First off, think about your audience capacity. If you can normally fill your school hall four times over with the Nativity Show audience, you’re going to have to re-think the number of shows you put on. Even if you put a sprig of holly on every other seat to deter buttock-spread, you’re going to have to think about crowding - especially given the enormous stage you’re going to have to build to fit all the children on. After all, no-one wants to see a pantomime Rudolph with his shiny red nose on stage, and his backend stuck in the infants’ toilets.

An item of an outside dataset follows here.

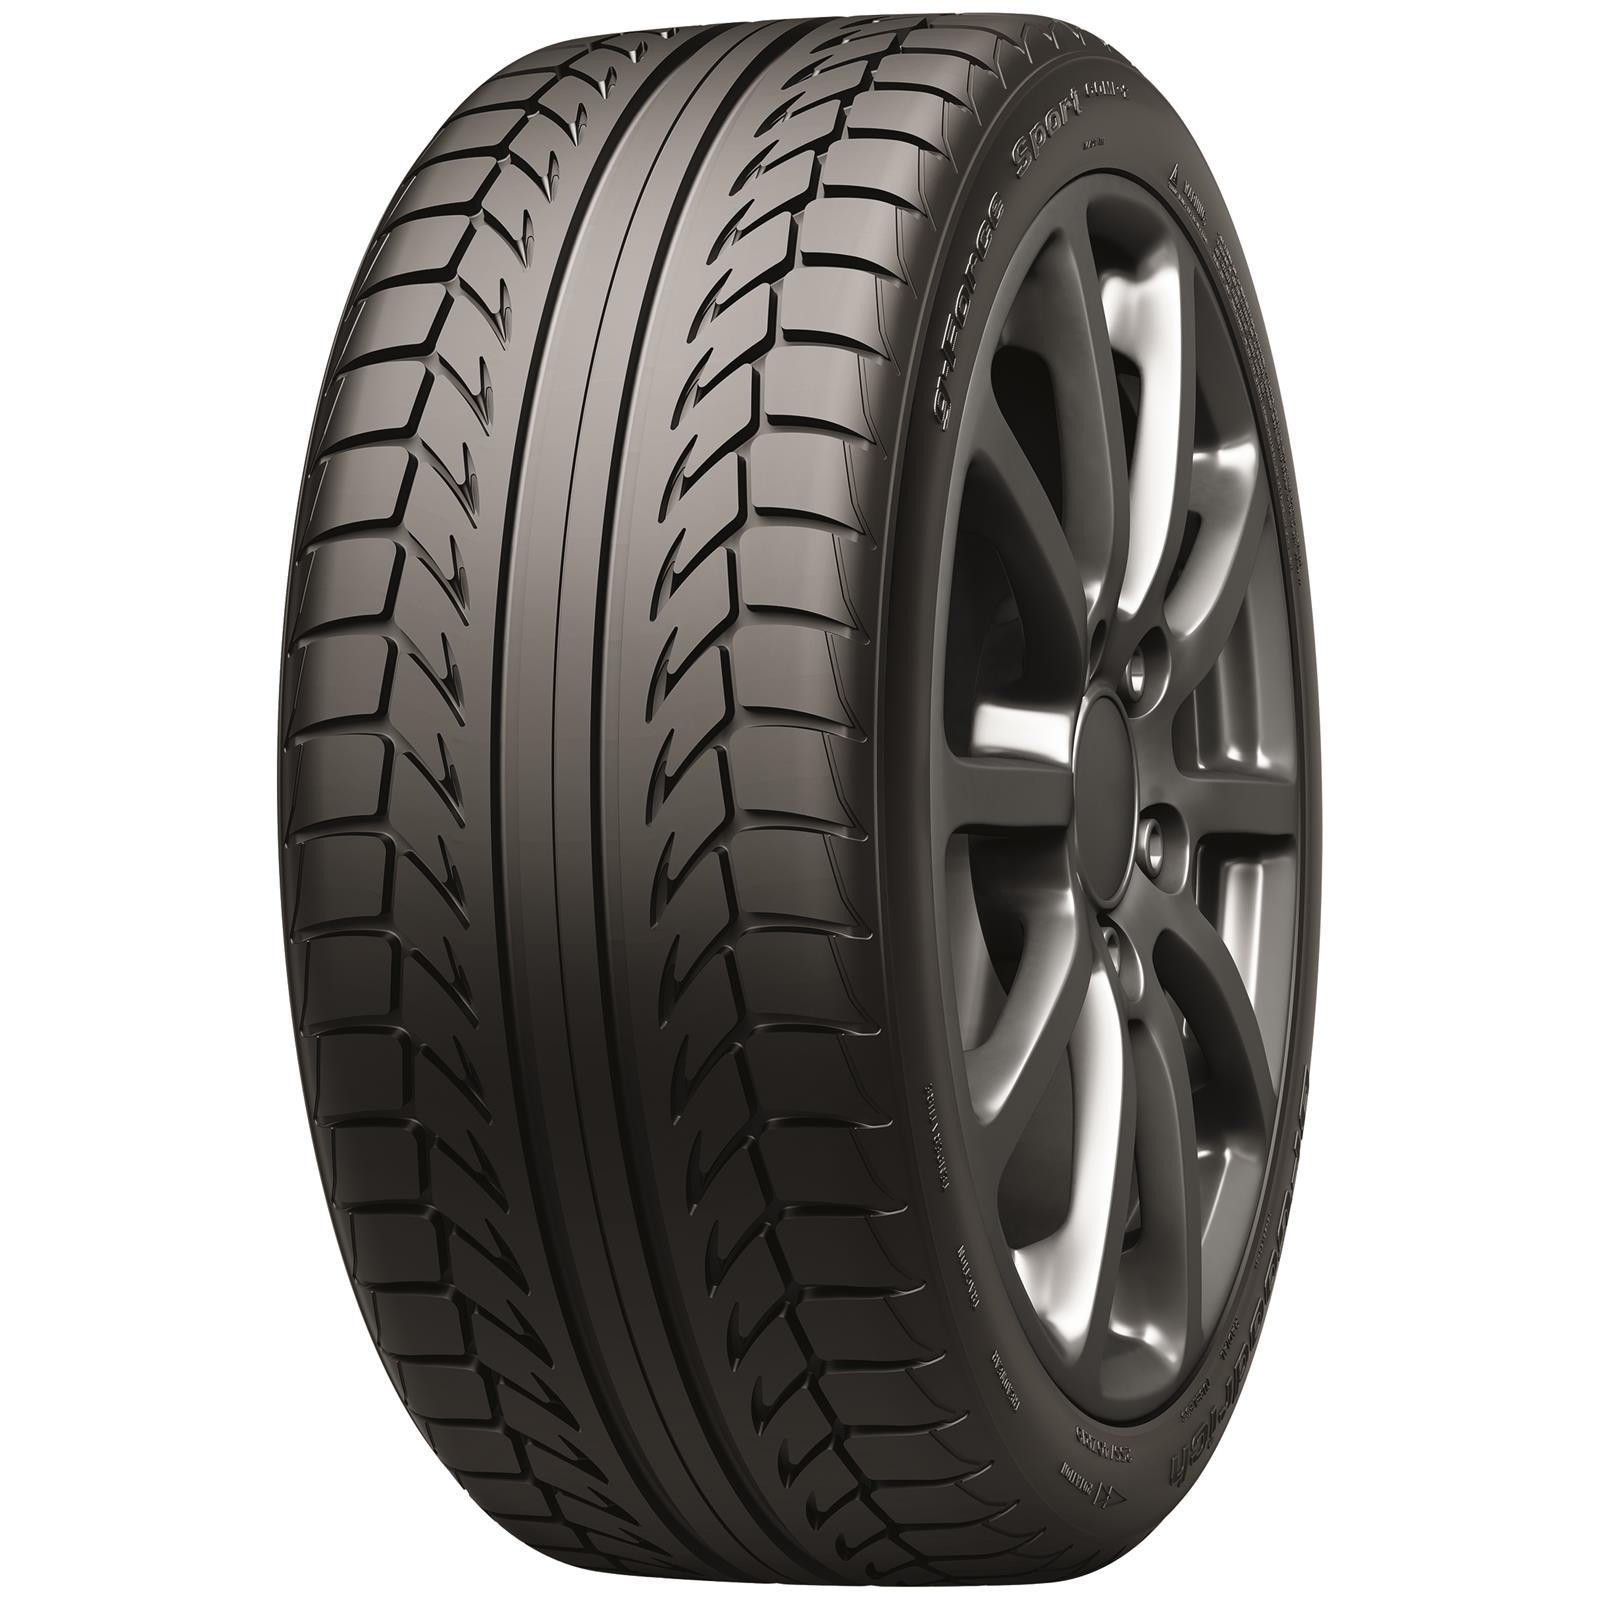 pair 2 bfgoodrich g force sport comp 2 tires 235 45 17 radial 41420 ebay. Black Bedroom Furniture Sets. Home Design Ideas

Of course you could think about going digital, but are you really brave enough to write the Zoom instructions for the local community, and handle the backlash of the unmuted frustrations of those parents, carers and grandparents with technological challenges? We all want our school shows to be memorable, but do you really want to see your Instragam profile heading up the Daily Mail story of how seven year old Amelia’s ‘Little Drummer Boy’ solo got spammed by a russian porn-bot? (The ‘Rumpy-pum-pumpy’ headline alone is the stuff of nightmares). Online live shows are a bad idea, move on. If collective singing is still banned in December, you could try teaching the children a festive song in sign language. A lovely idea until you realise that ‘those’ year 5 boys will absolutely and undoubtedly slip a few extra hand signs into the performance that definitely weren’t on the script. It’s a political minefield!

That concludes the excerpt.